On 14 June 1968 the Federalized New York Air National Guard 136th Tactical Fight Squadron deployed to Tuy Hoa and would remain there until 25 May 1969.

On 29 July 1968 a Viet Cong sapper attack on the base destroyed two C-130s and damaged a further five C-130s, one F-100 and one C-47.

In early 1969 Flight A of the 71st Special Operations Squadron equipped with AC-119G Shadow gunships moved to Tuy Hoa from Nha Trang Air Base, it was later replaced by Flight A of the 17th Special Operations Squadron equipped with 4 AC-119G gunships. On 12 April 1970 Flight A moved from Tuy Hoa to Phù Cát Air Base.

On 15 May 1969 the 355th Tactical Fighter Squadron deployed to Tuy Hoa.

On 28 May 1969 the 416th Tactical Fighter Squadron moved to Tuy Hoa from Bien Hoa Air Base.

On 13 July 1970 the last "Wonderarch" concrete and steel aircraft protection shelters were completed at the base.
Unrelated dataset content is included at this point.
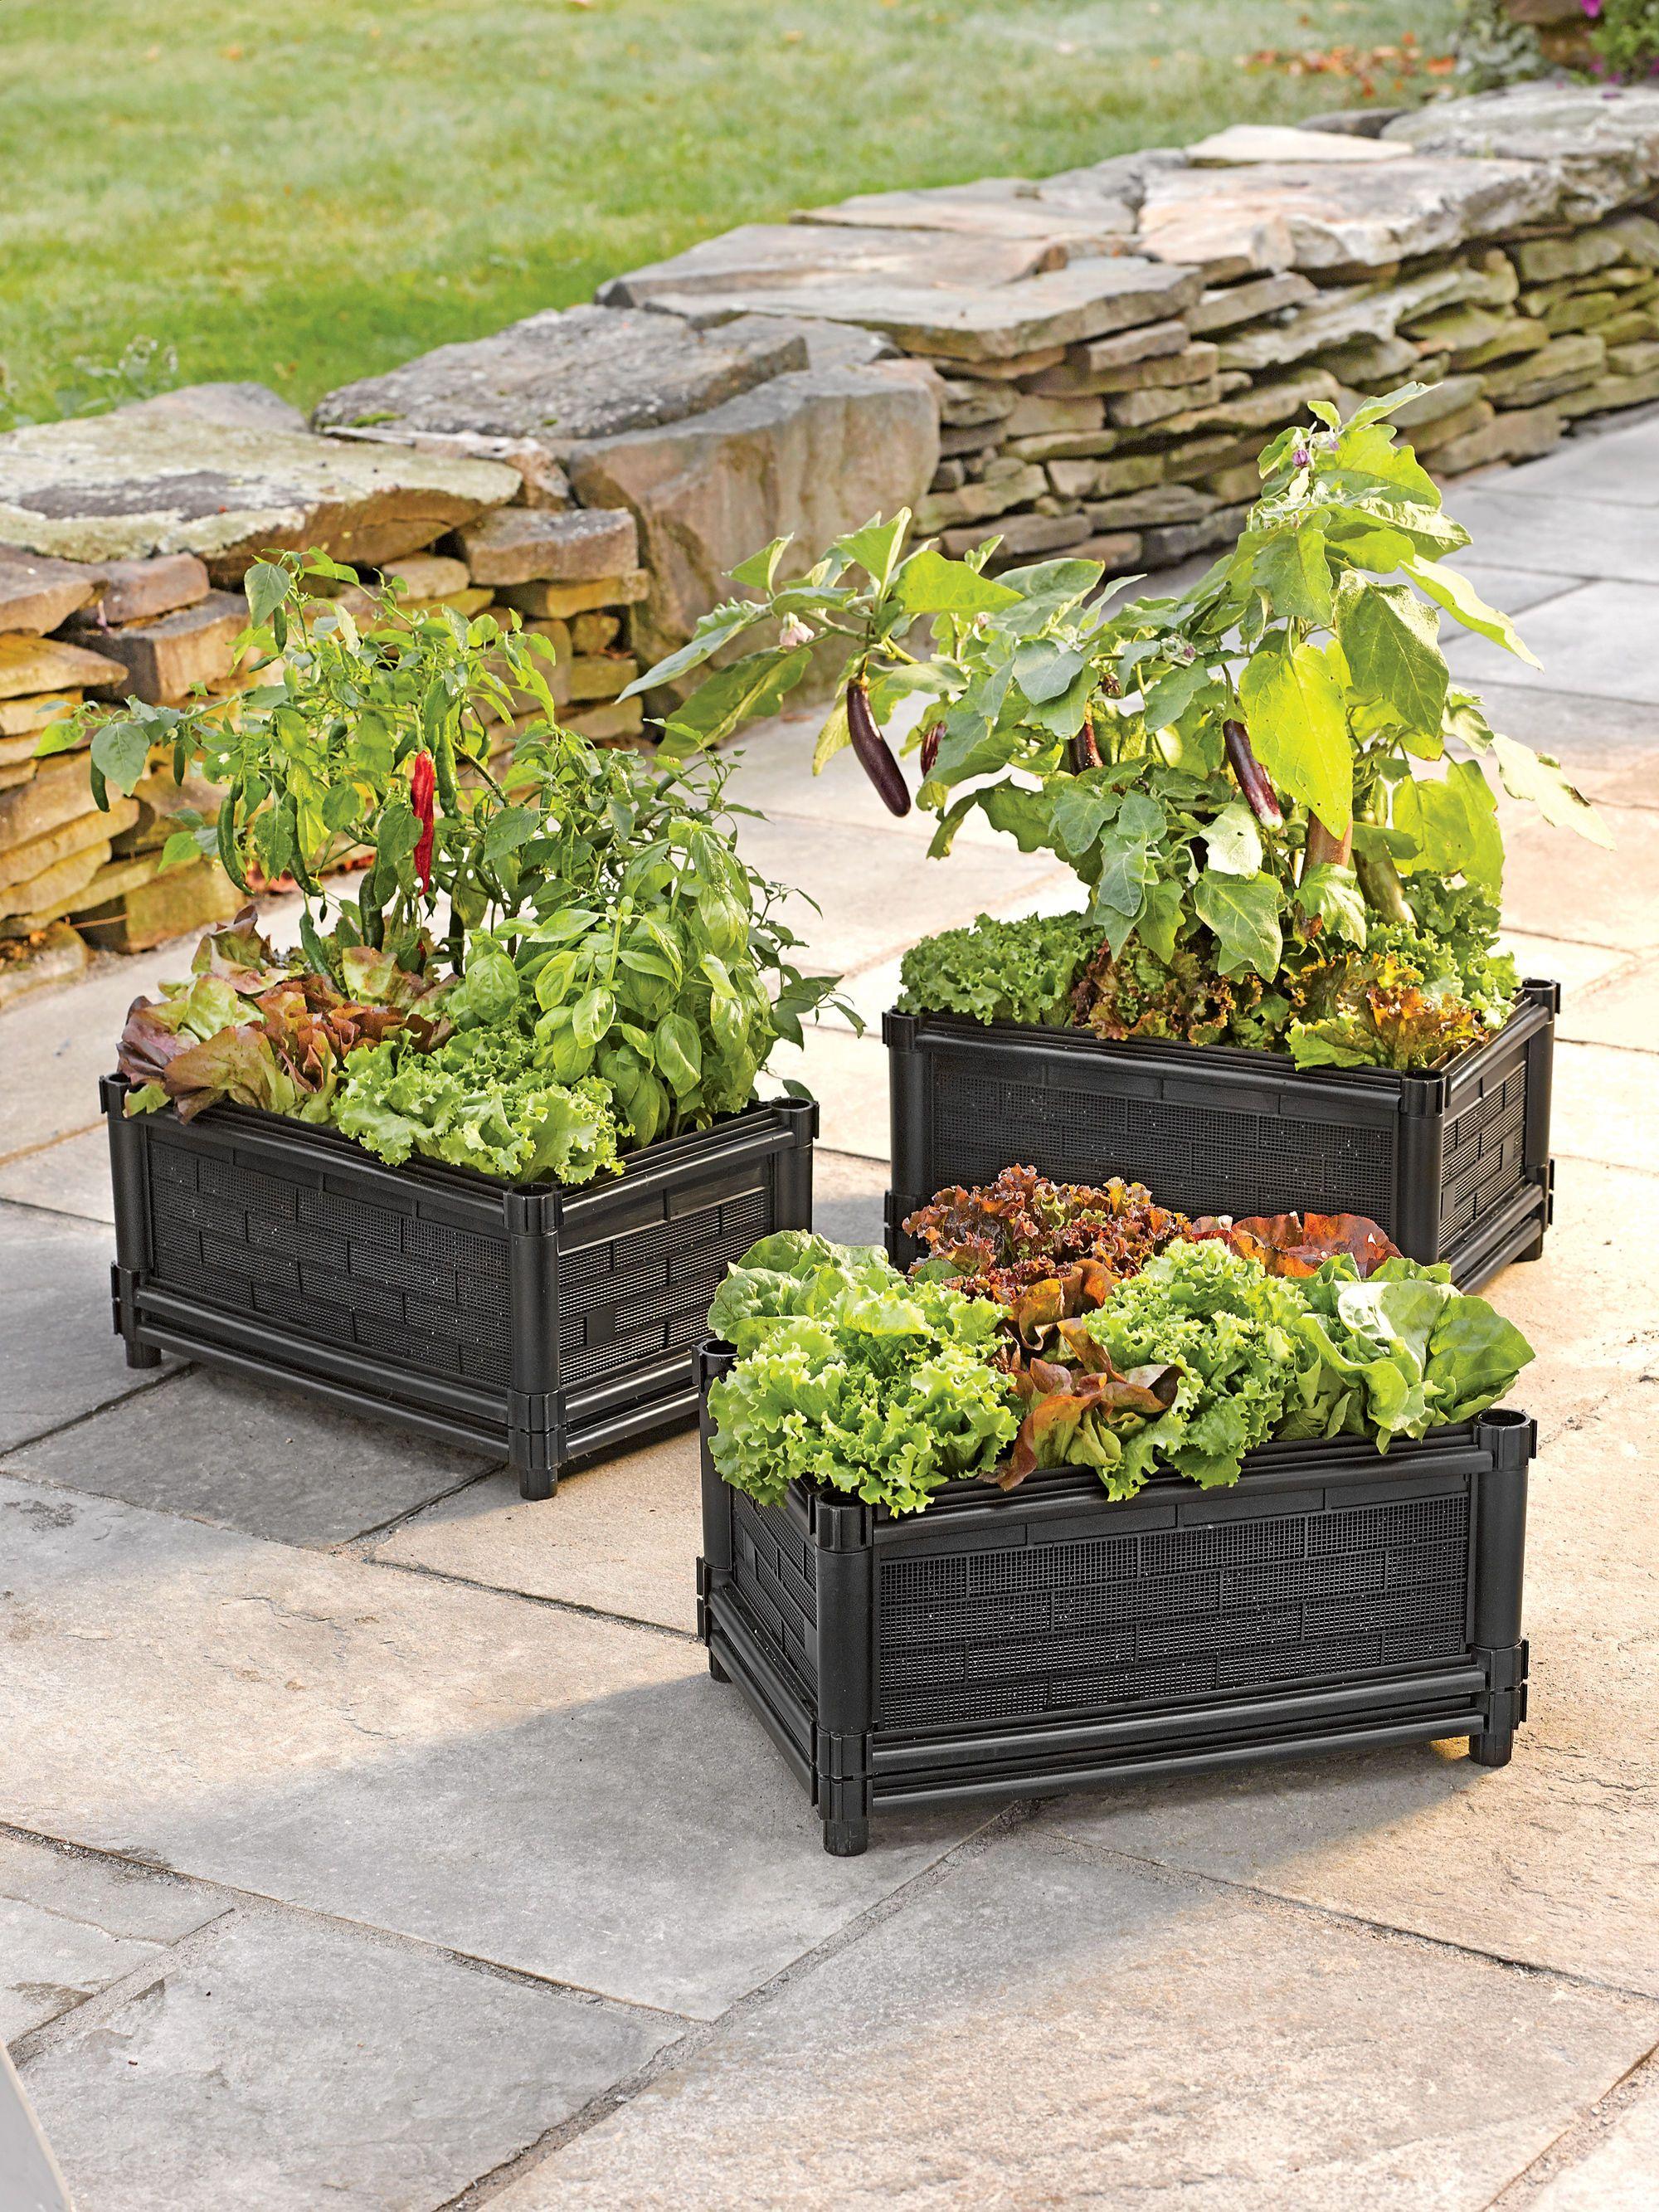 Veg Grow Box For Balcony, Stoop Or Patio Gardening | Gardeners Supply
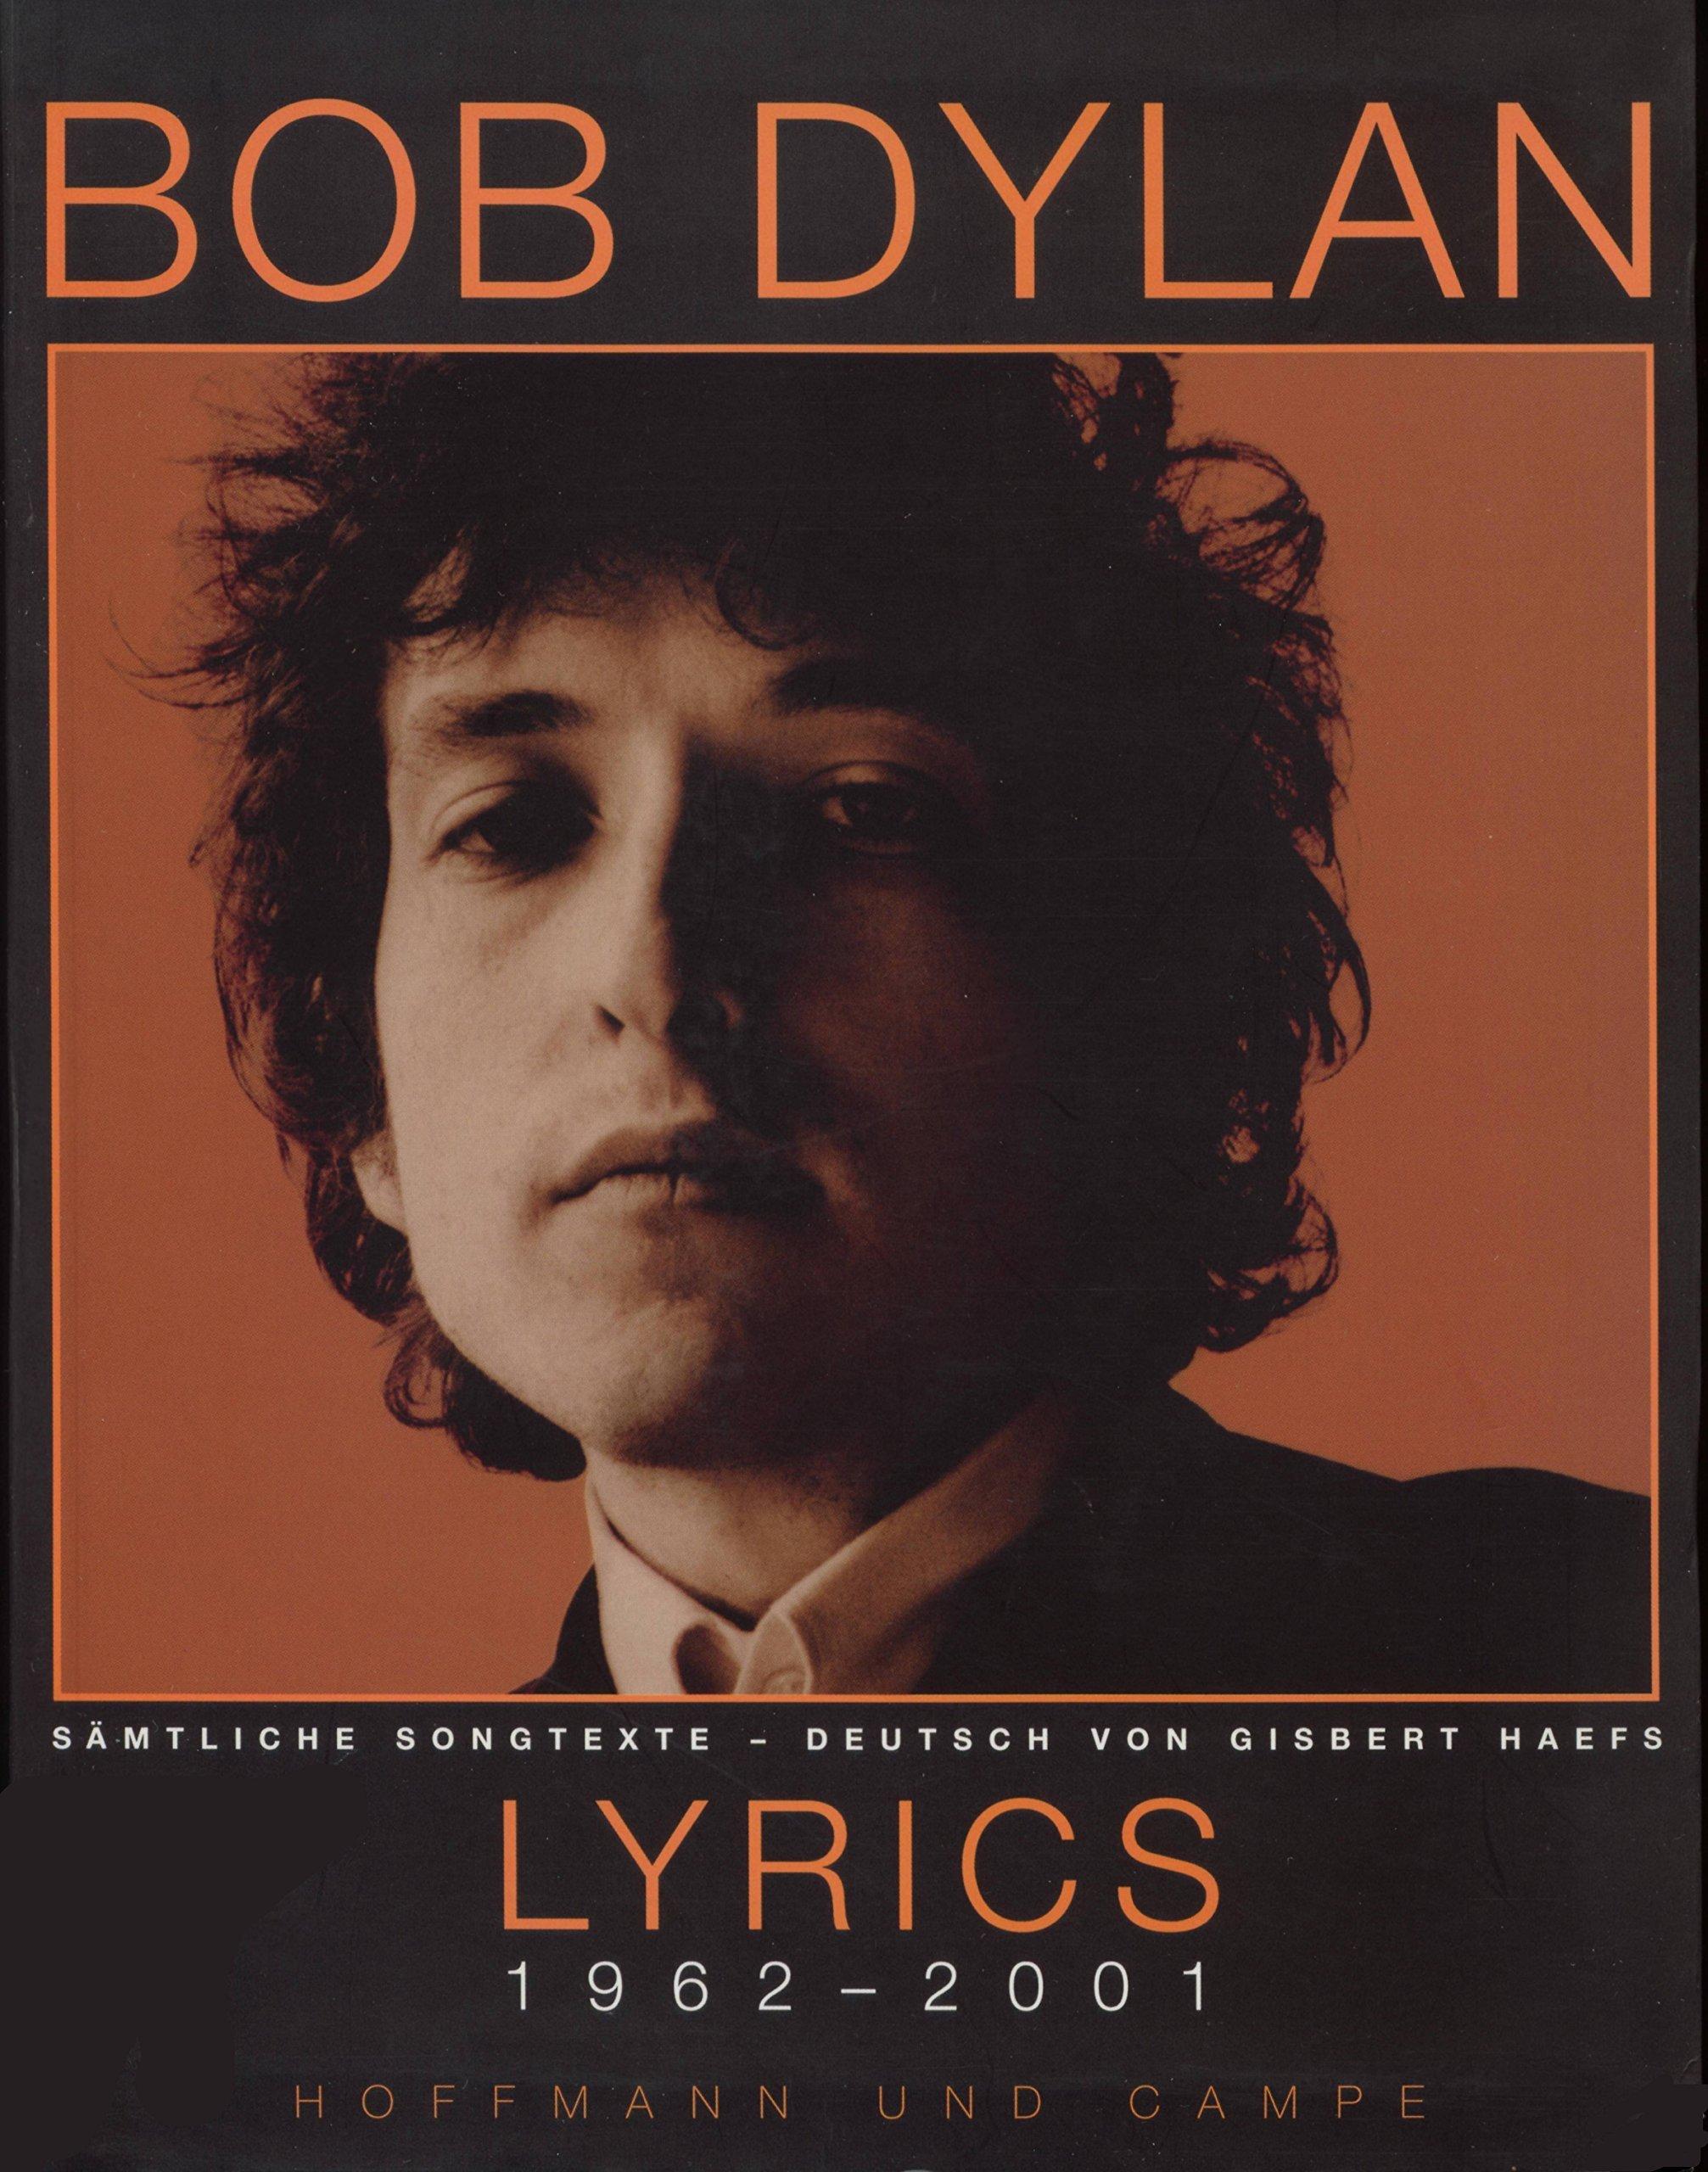 Bob Dylan Lyrics 1962-2001

On 15 October 1970 the 31st Tactical Fighter Wing left Tuy Hoa and moved without personnel or equipment to Homestead Air Force Base.

==US Army use==
In late 1970, the base was renamed Tuy Hoa Army Airfield and various U.S. Army units, including all army aviation units based at Phú Hiệp Airfield were relocated here. The facility was turned over to South Vietnamese government control on 15 January 1972.

== Present use ==
The base is, as of 2018, used as a training base for the Vietnam Air Defence - Air Force and a civilian airport.

==Accidents and incidents==
- On 22 April 1970, Douglas C-47A B-308 of Winner Airways overran the runway on landing and was damaged beyond repair.